Die cijfers laten zich niet zo gemakkelijk combineren, maar de totaalconclusie is wel dat vrouwen minder vaak moeder worden, minder kinderen hebben, pas later moeder worden en minder vaak hun kinderen bij zich houden. En ook al heeft iedereen een moeder, het moederschap als zodanig is daardoor minder in tel.
Natuurlijk zijn er ook andere invloeden die de aankopen voor Moederdag beïnvloeden. Veelgehoorde kritiek is dat die dag ingegeven is door commerciële motieven, zoals Sinterklaas en Valentijnsdag. Er zijn ook wel bezwaren geuit omdat Moederdag niet te verenigen valt met de heiliging van de zondag. Ook feministen vinden Moederdag maar niks. Een columniste van NRC Handelsblad hekelde ooit Moederdag omdat die „het dier in de vrouw” eert. Het zou juist vernederend zijn voor vrouwen om hen te waarderen vanwege het feit dat zij voor de voortplanting moeten zorgen.
Daar staat tegenover dat Moederdag helemaal geen commerciële of feministische wortels heeft. De oorsprong ervan is een gedenkdienst op de tweede zondag in mei 1908 waarin de Amerikaanse Anna Jarvis wilde stilstaan bij het overlijden van haar moeder. Zij zette zich daarna in voor een jaarlijkse dag omdat een moeder „de persoon is die meer voor je gedaan heeft dan wie ook ter wereld.” Jarvis heeft zich hevig verzet tegen de vercommercialisering van Moederdag.
Een eeuw later staan traditionele genderpatronen ter discussie, is moederschap minder vanzelfsprekend dan ooit en moeten moeders de aandacht voor hun gezin steeds vaker delen met die voor hun werkkring.

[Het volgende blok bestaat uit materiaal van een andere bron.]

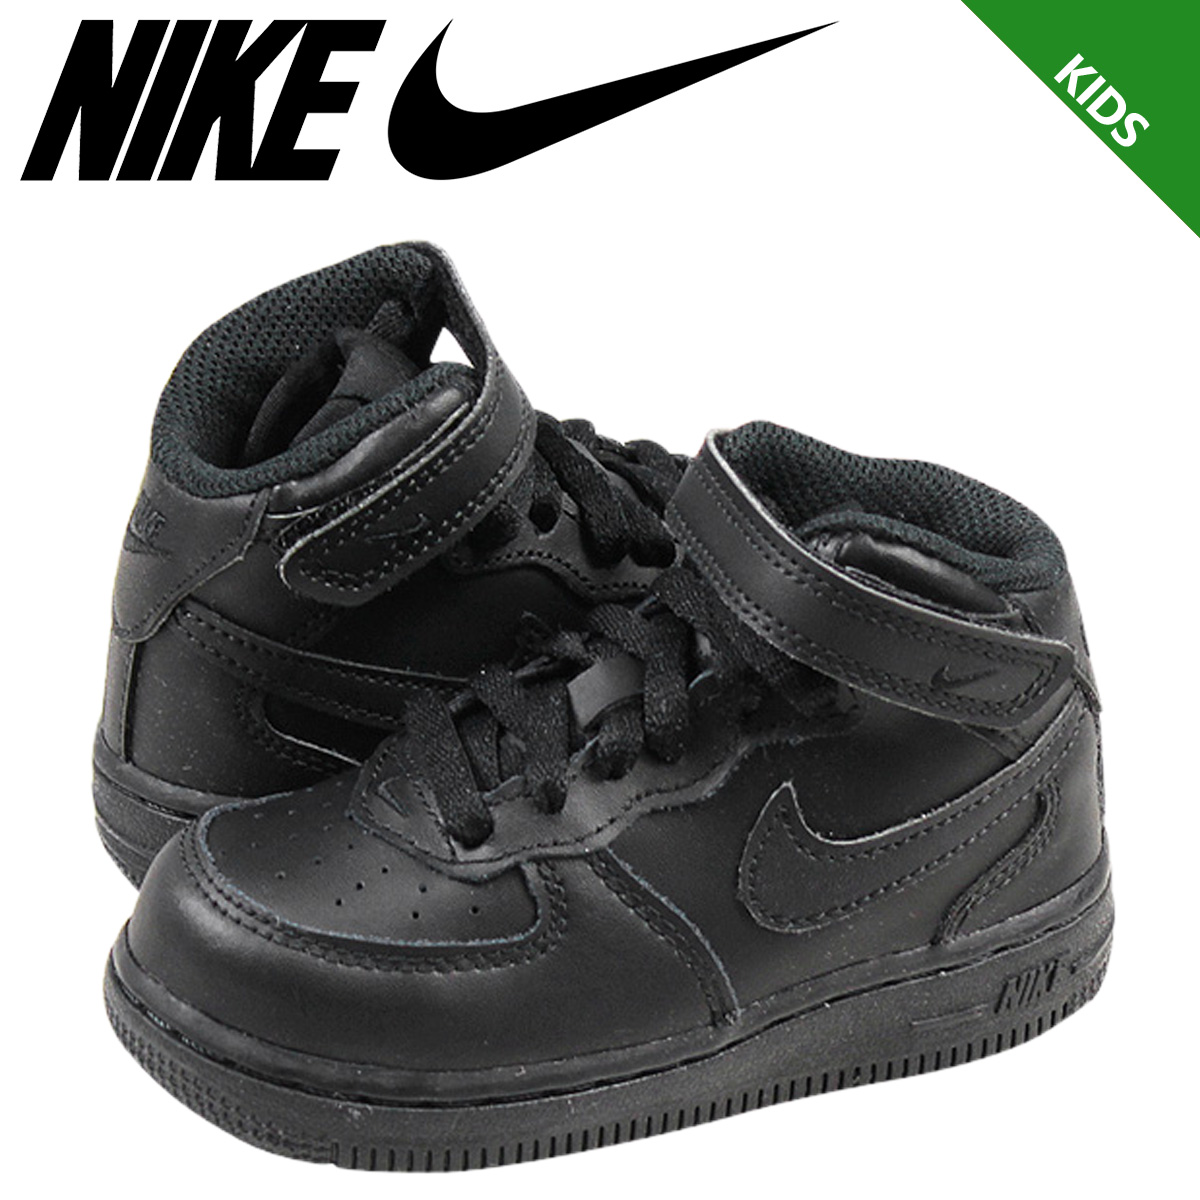 Sugar Online Shop: NIKE Nike air force sneakers baby kids AIR FORCE 1 MID TD air force 1 mid ...

Voor christenen is dat te meer reden om moeders extra aandacht te geven. Structureel, maar ook op Moederdag. De Bijbel spreekt allerminst neerbuigend over vrouwen en is juist vol lof over moeders en moederliefde. Zelfs over naamloze moeders, zoals die volhardende Kananese vrouw die bad voor haar kind en om haar geloof geprezen werd door de Zaligmaker.